— Task —
Repeat the lines from the one containing "2023鐵道文化交流論壇接軌國際 邀請日本鐵道博物館與會分享 - 早安台灣新聞" through the last line of the data, exactly, pictures omitted.

— Supplied data —
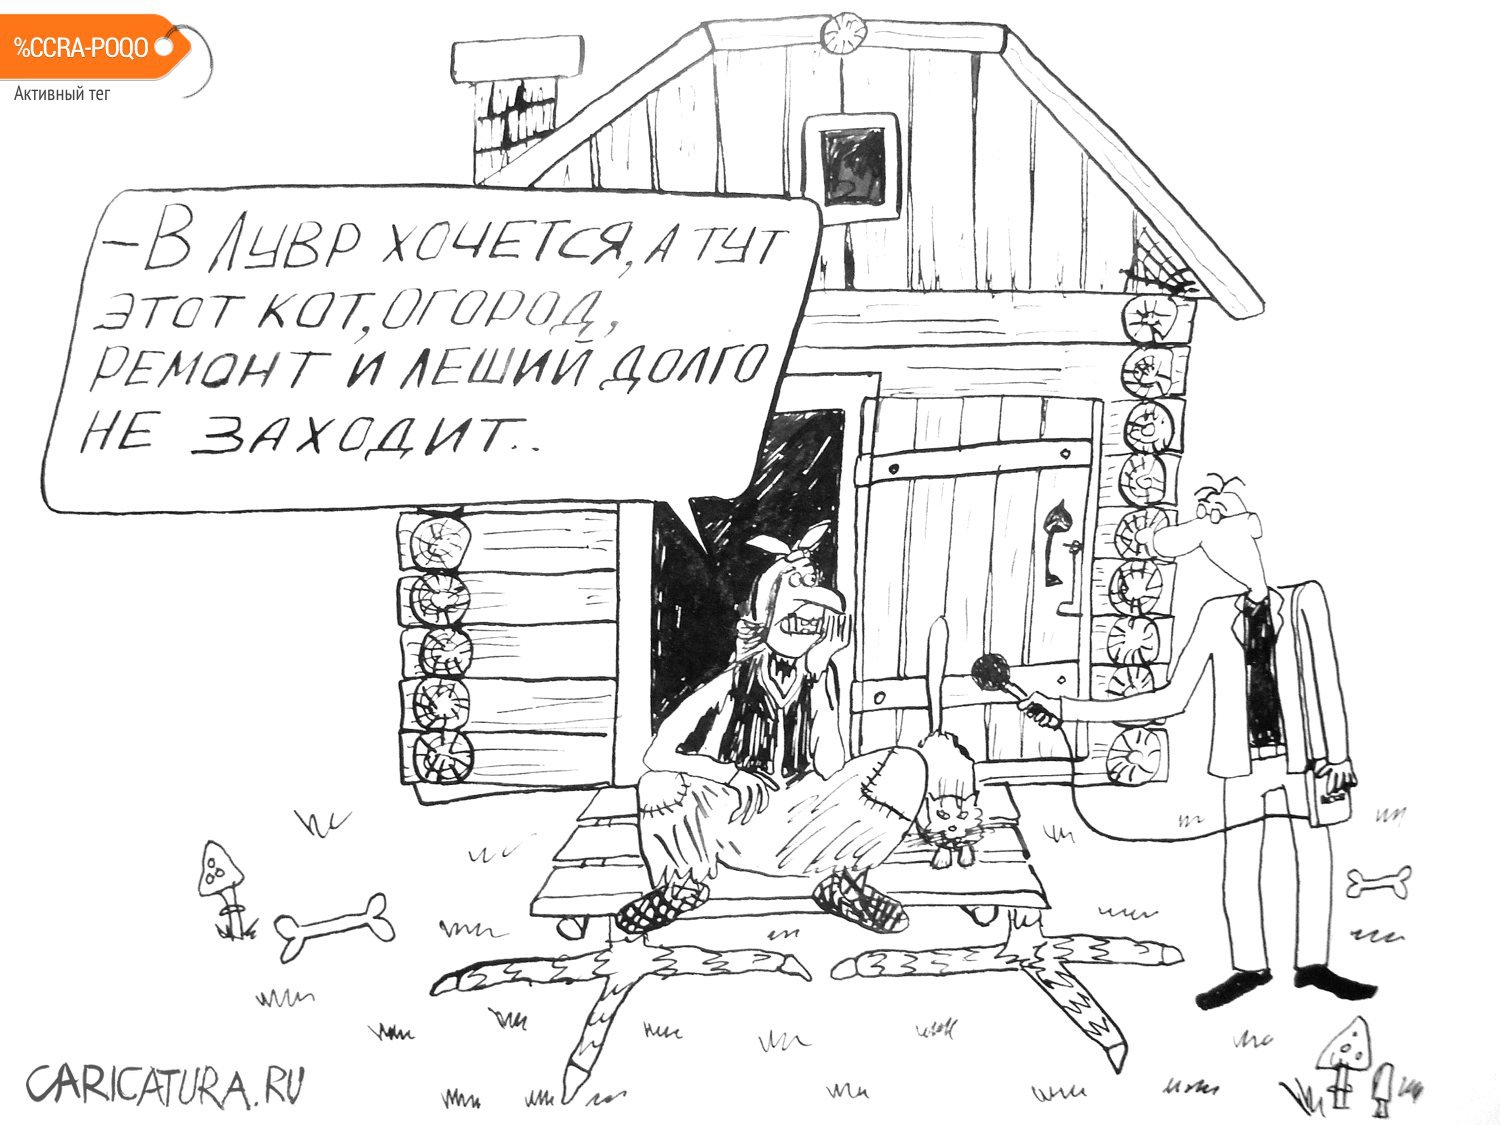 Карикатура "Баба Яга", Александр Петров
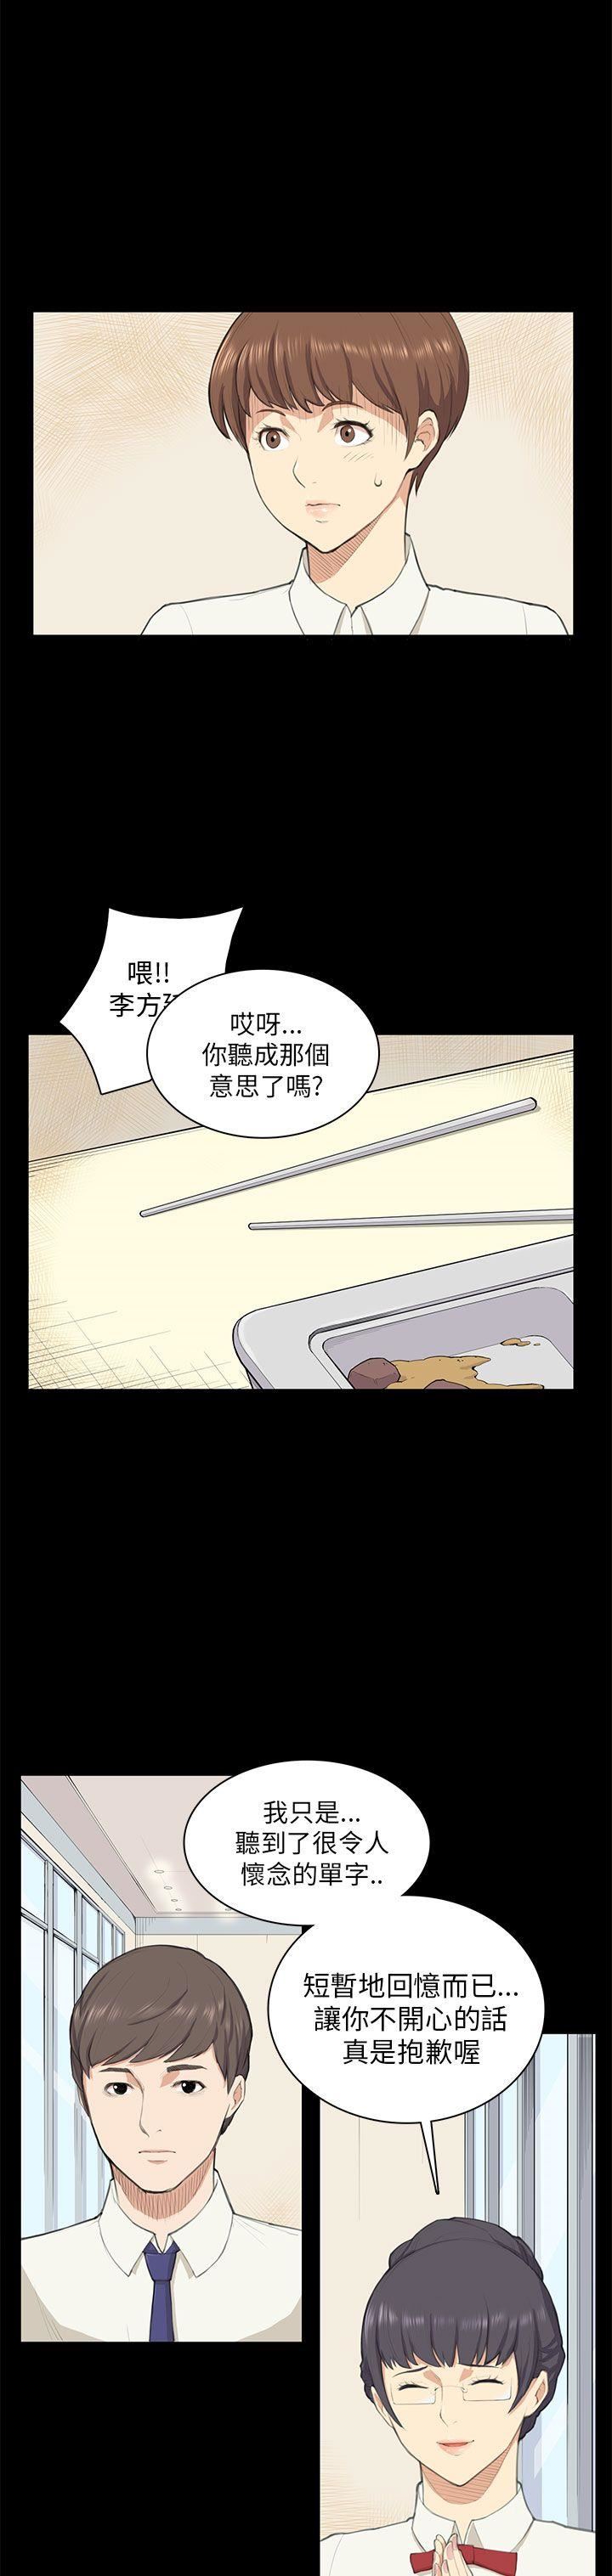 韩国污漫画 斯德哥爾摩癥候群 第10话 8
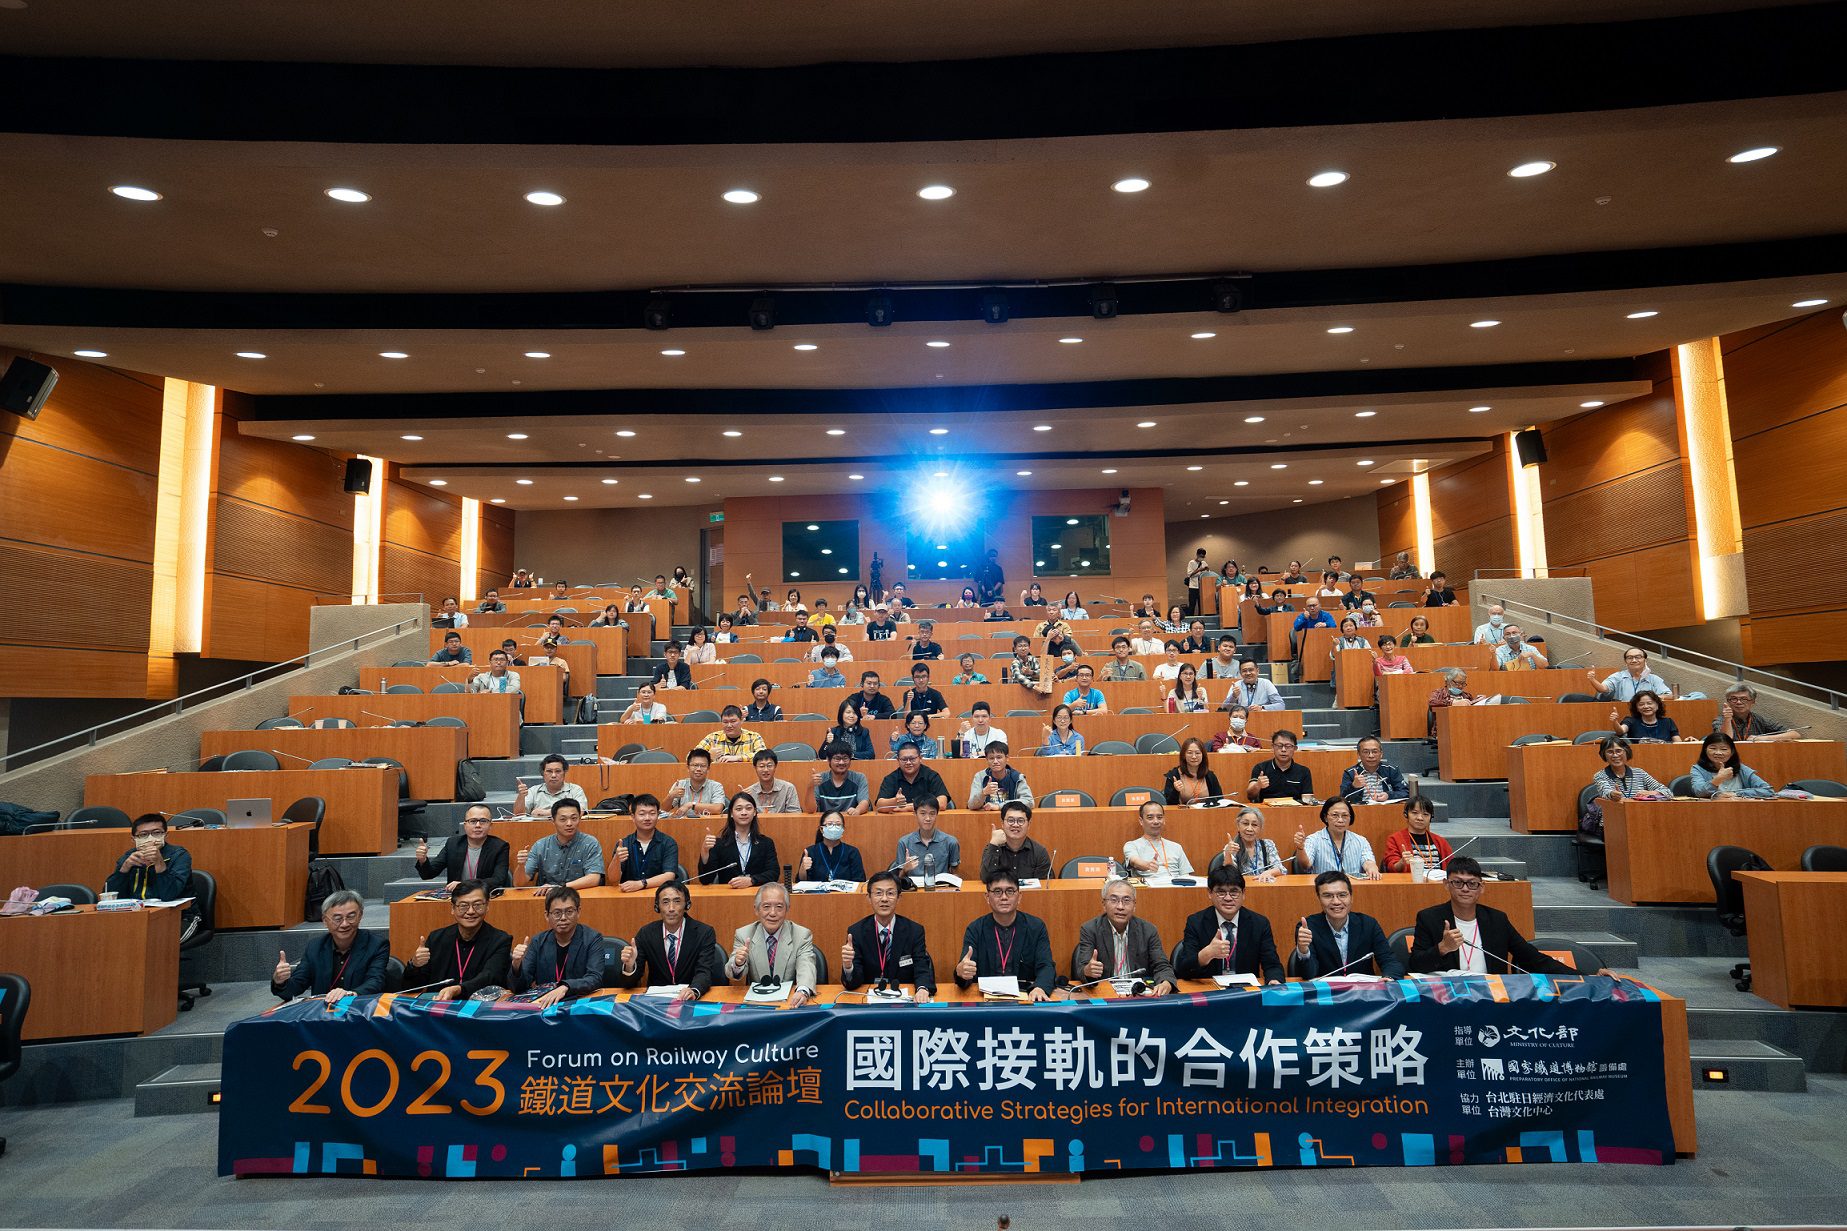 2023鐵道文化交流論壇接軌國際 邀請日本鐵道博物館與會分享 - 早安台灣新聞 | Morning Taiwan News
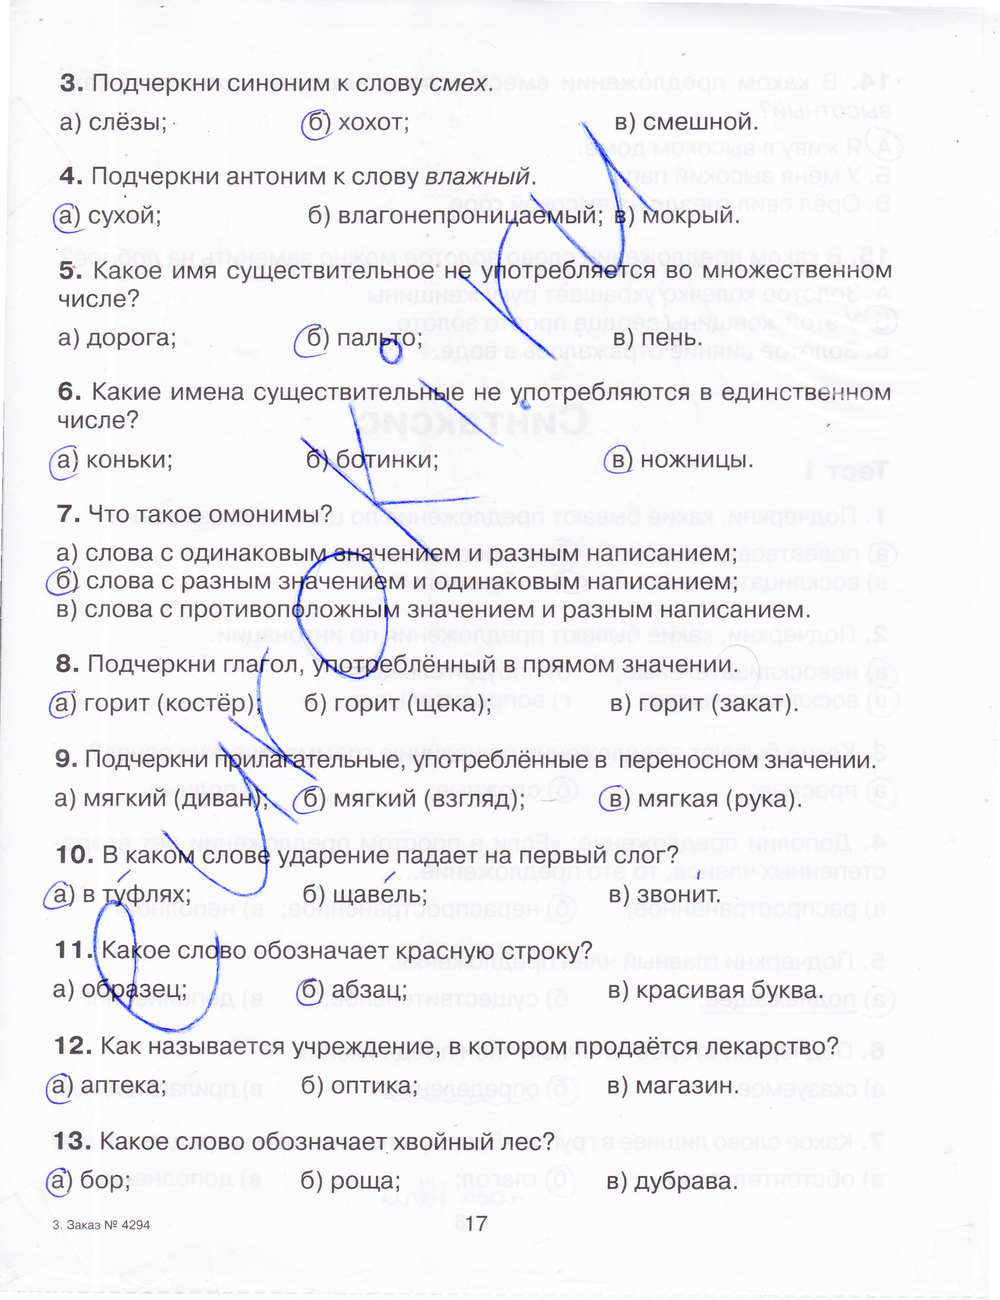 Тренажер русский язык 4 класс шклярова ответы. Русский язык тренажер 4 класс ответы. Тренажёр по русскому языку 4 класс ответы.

— Exercise answer —
 2023鐵道文化交流論壇接軌國際 邀請日本鐵道博物館與會分享 - 早安台灣新聞 | Morning Taiwan News
 Тренажер русский язык 4 класс шклярова ответы. Русский язык тренажер 4 класс ответы. Тренажёр по русскому языку 4 класс ответы.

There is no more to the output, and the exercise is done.